Thursday, 11 September 2014

Watching people die.

So there's this footage of the Russian Civil War after 1917 that demonstrates an example of the Bolshevik's ruthless reactions and these two guys' heads are just blown off on camera and you see them die. Oh and if you look it up there's this photo of two black men hanging in the wind at a lynch mob whilst the white people cheer for the death of these men. They're both kind of gross, I guess, but it was a long time ago and I need to look at it for my history GCSE. Also did you know that in the video game Grand Theft Auto 5 you can just beat up a prostitute to death if you don't feel like paying her. How HILARIOUS is that?

It's not hilarious. It's not hilarious at all. Nor is it 'kind of gross' to watch or see real men die in front of your eyes. But teachers at school will show you this without warning you. It's historical evidence therefore no one thinks about how inappropriate it is to use and reuse a visual medium of a civilian's violent death to the point where it begins to mean nothing. It is simply a source of information. The person dying in the image or video does not even become a martyr of any movement or revolution, they are simply a bit of information. People die every day, history is just a huge collection of stories from the dead, but you wouldn't watch a youtube video of your great grandpa being blown up on No Man's Land in WW1 to understand how he died, would you?

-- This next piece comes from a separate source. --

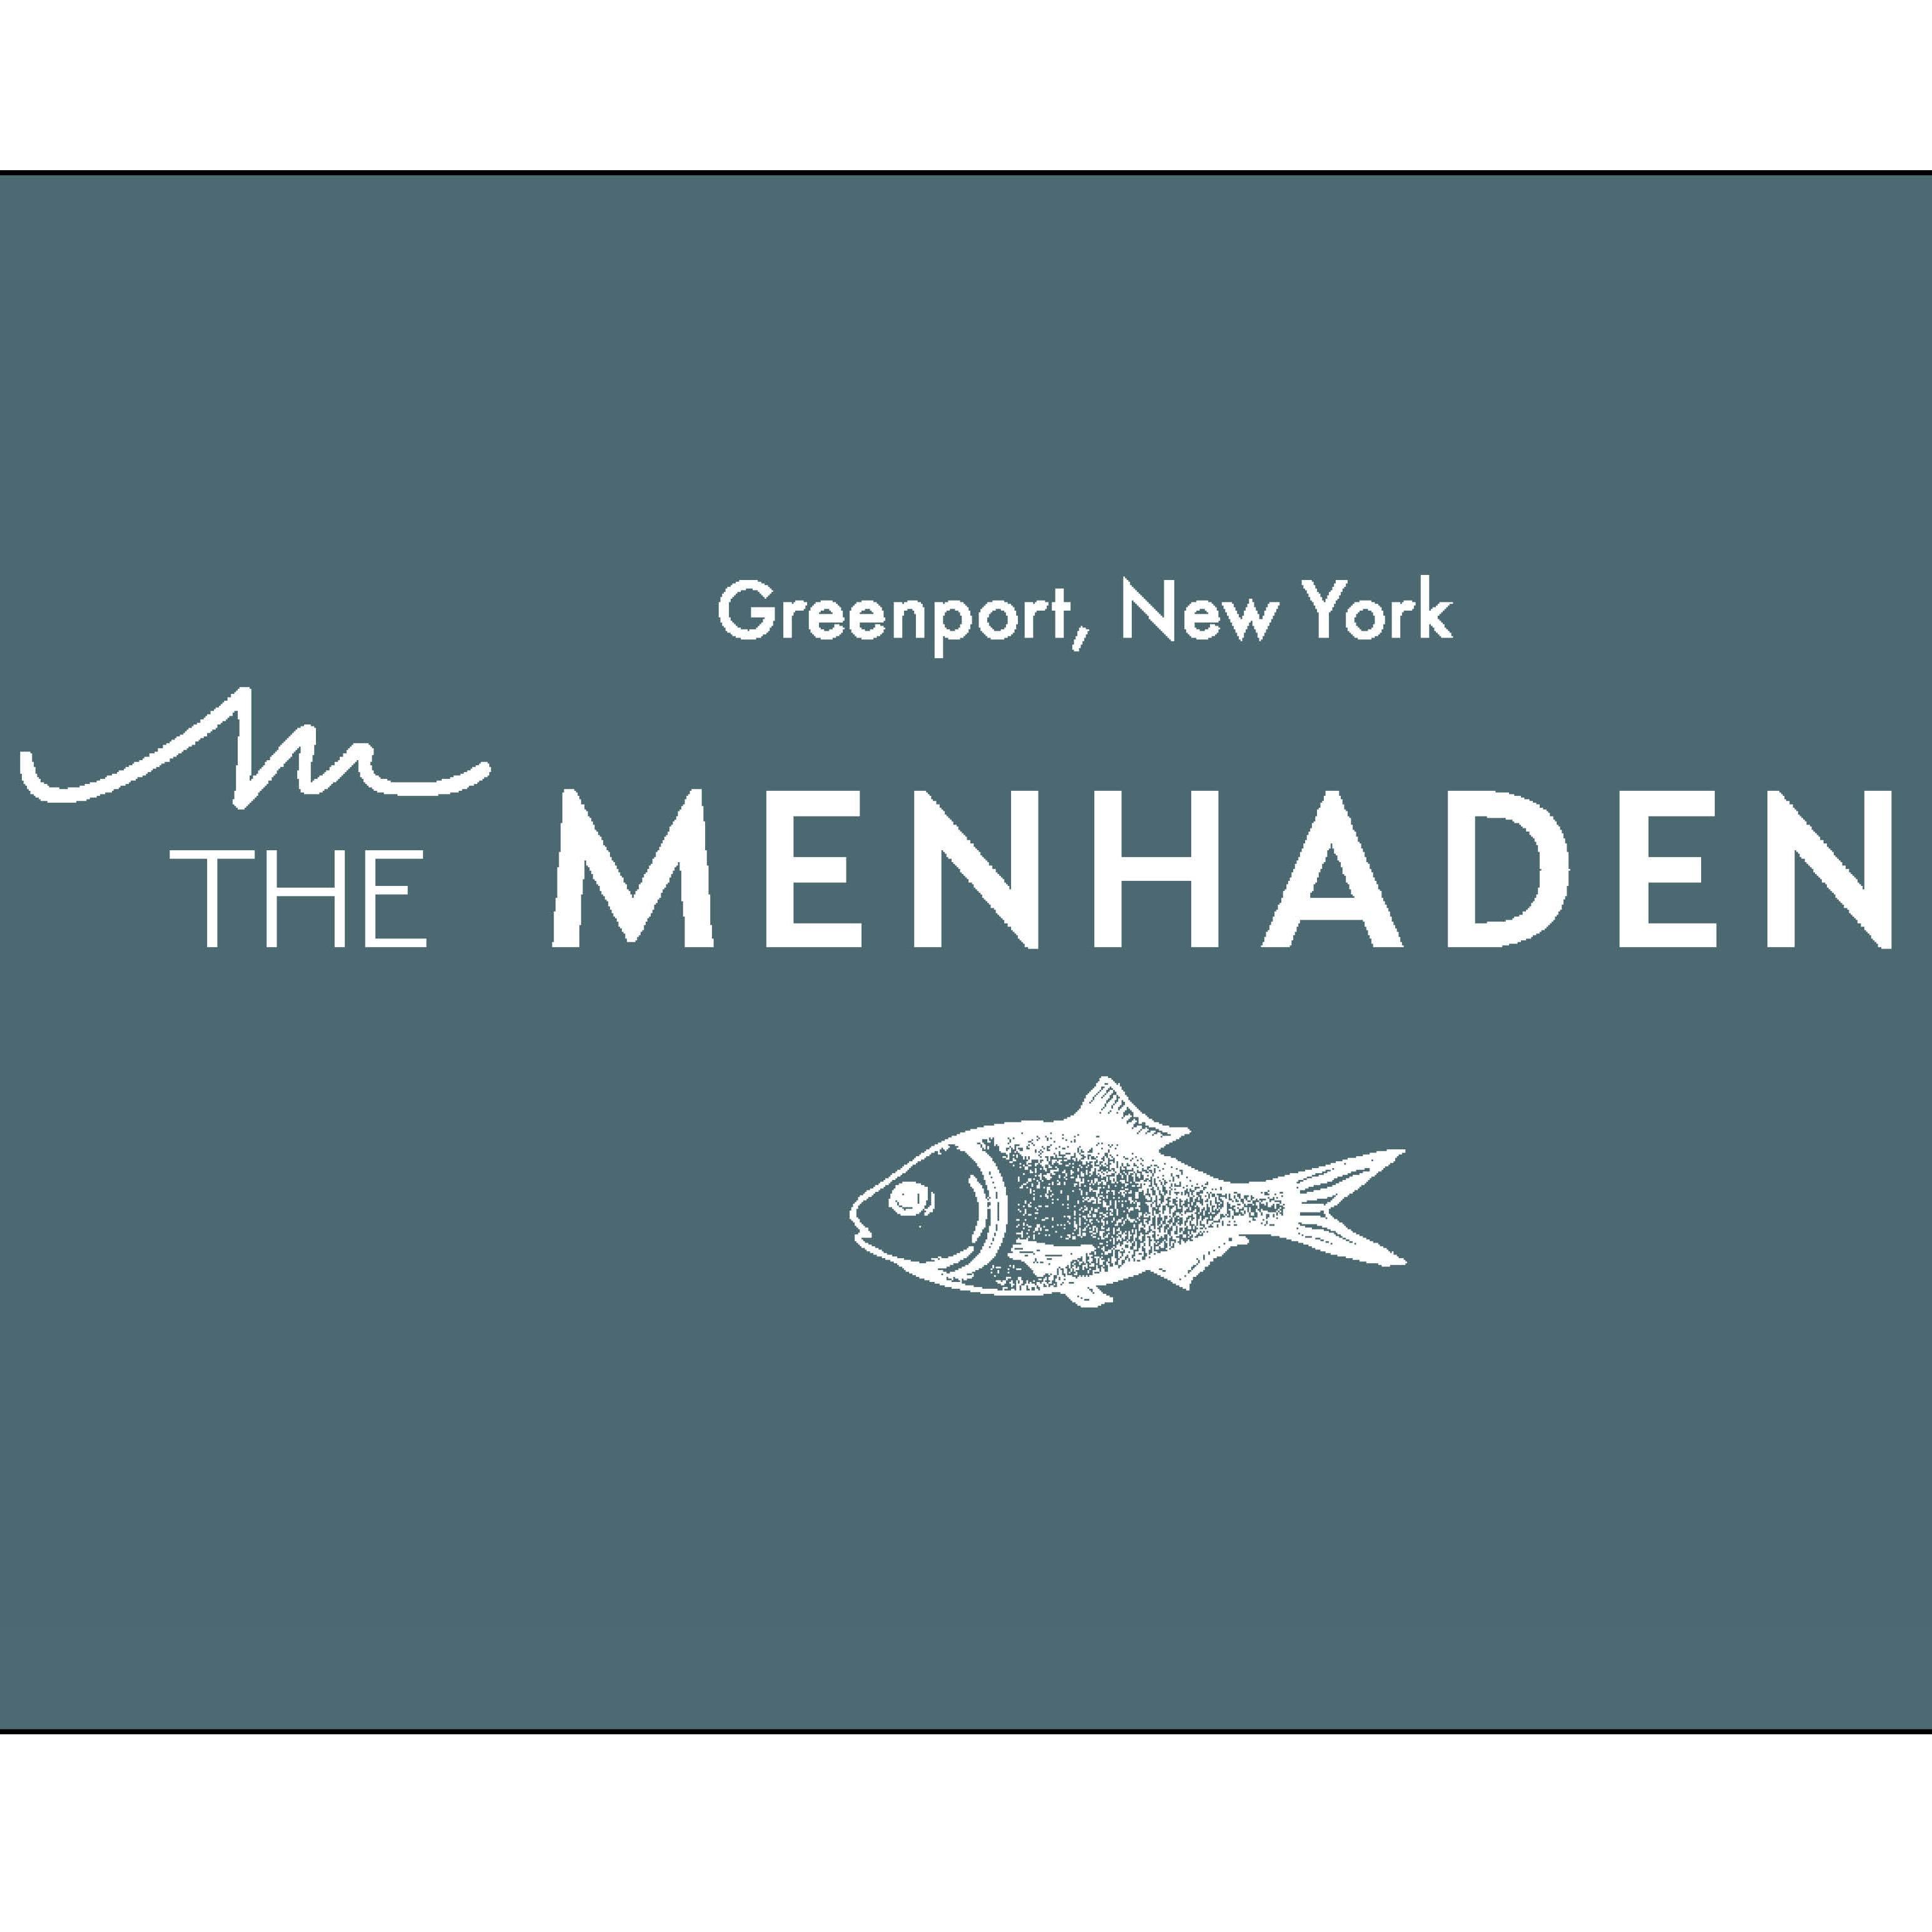 The Menhaden

However, that prostitute in Grand Theft Auto 5 is just a fictional character made up of code. It's not even real, you never actually violently murder someone. You just initiate it within the game and watch it happen. It probably entertains you.

We have started to completely desensitise ourselves to these extreme images of brutality. They mean nothing to us now, not even a twinge of empathy can be felt for those who have died in an often undignified manner. It is just an image, just a video and just a game. But I don't need to see a beheading to know how it happens. In any reasonable situation I would not be entertained by an act of ferocity.

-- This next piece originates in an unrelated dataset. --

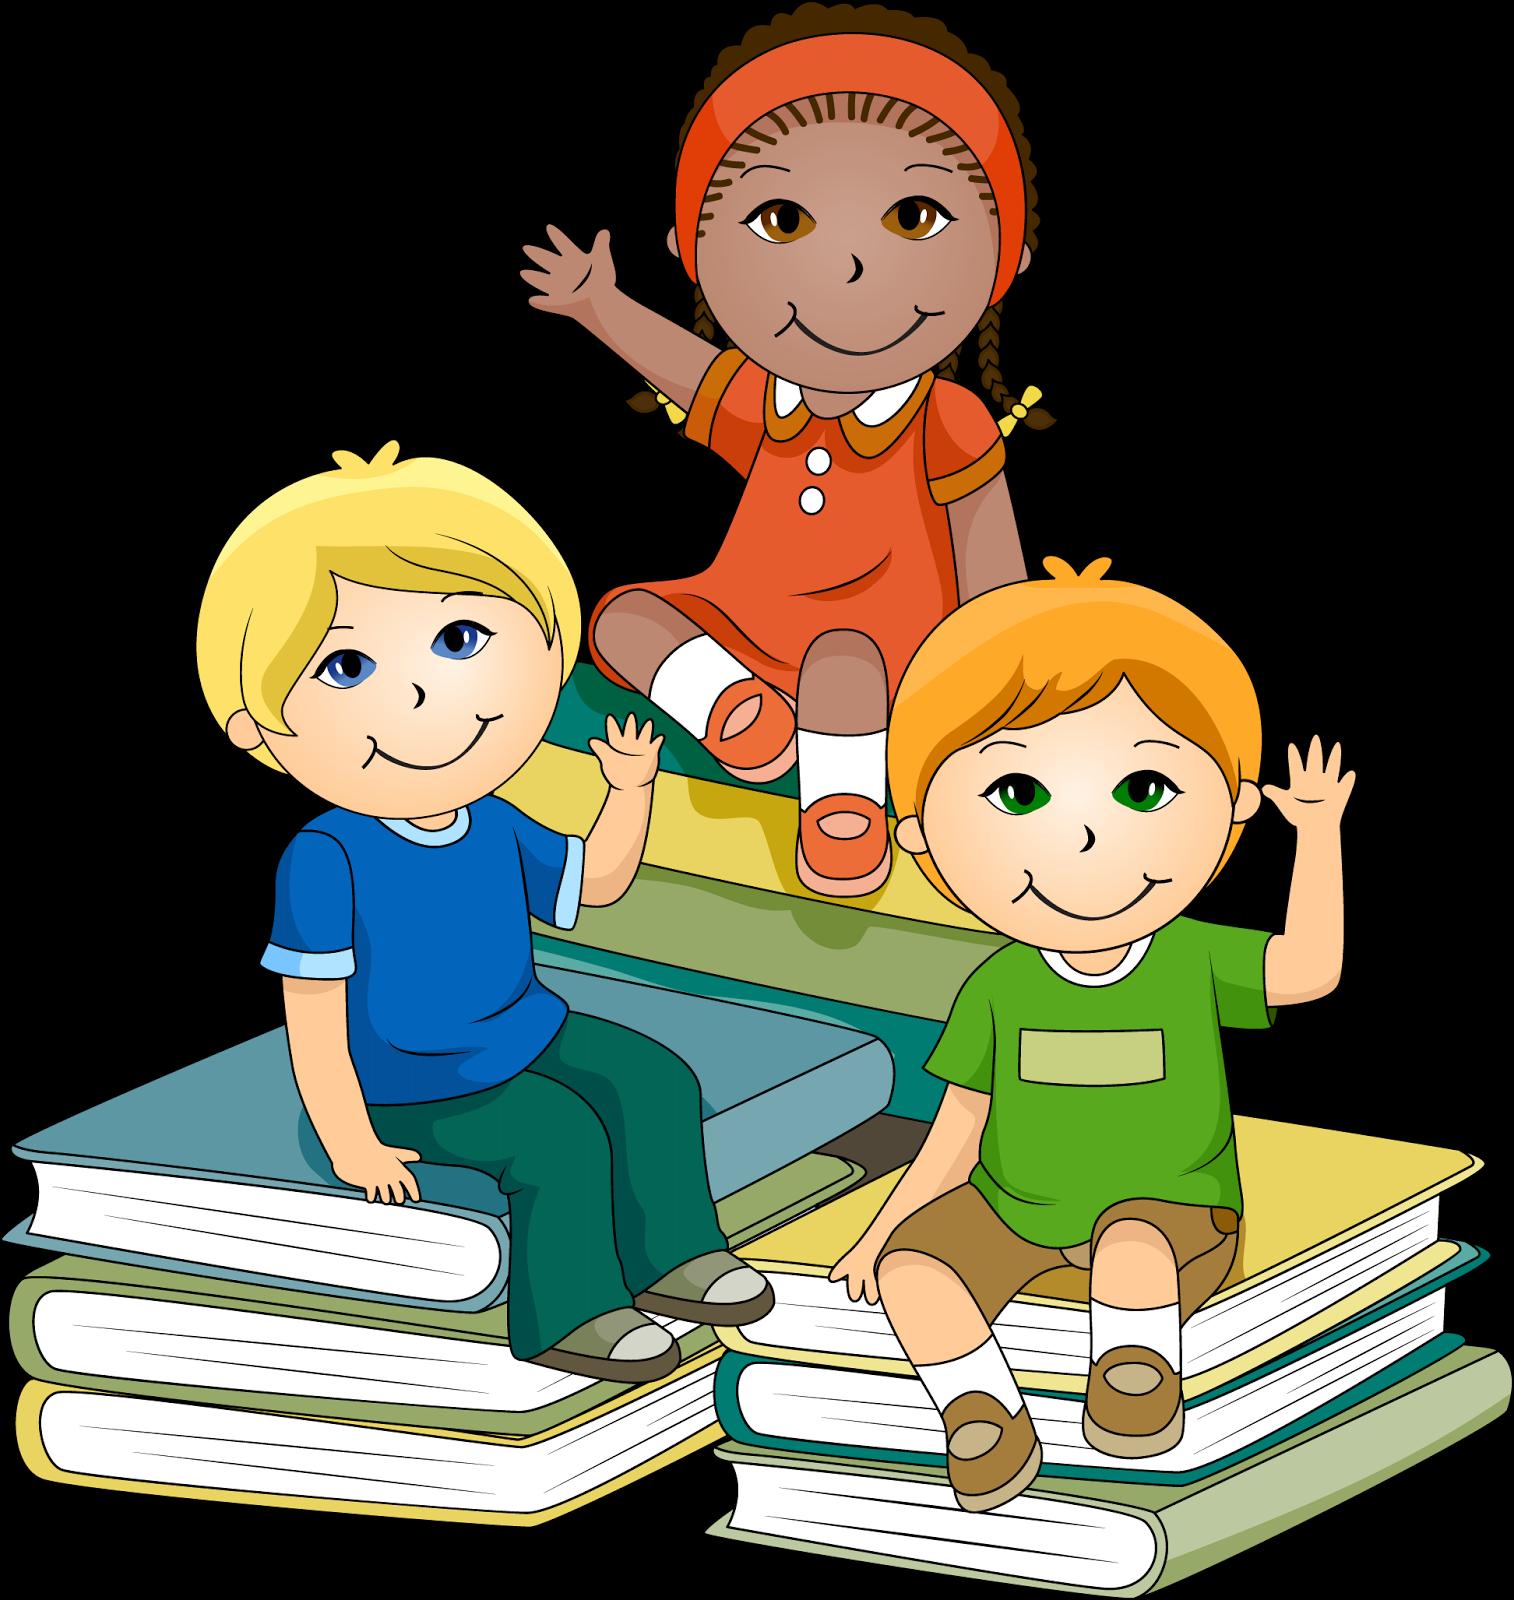 Children books that teach. Group clipart teacher

Fundamentally I find it disrespectful. It is disrespectful for a class of bored, young people to look at an image of totally unjustifiable murder and barely feel angry that it happened. The lack of emphasis on the reality of these images is the result of thousands of films and games like Grand Theft Auto 5 that make us feel indifferent to genuine violence and death. There is no benefit of being desensitised to violence. You gain nothing but a deficiency of human empathy. And whilst it is statistically very unlikely for young boys to be inspired to gun everyone down one day, or to justify violence towards women, the normalisation of severe and immoderate violence is essentially quite terrifying. It does mean that lines between the unacceptable and the 'ordinary' will blur and people's judgement will change.

Violence unfortunately occurs with or without watching films or playing video games with abusive themes, but at what point does it really become unfitting to regard it from the safety of our own homes for our own voyeuristic enjoyment?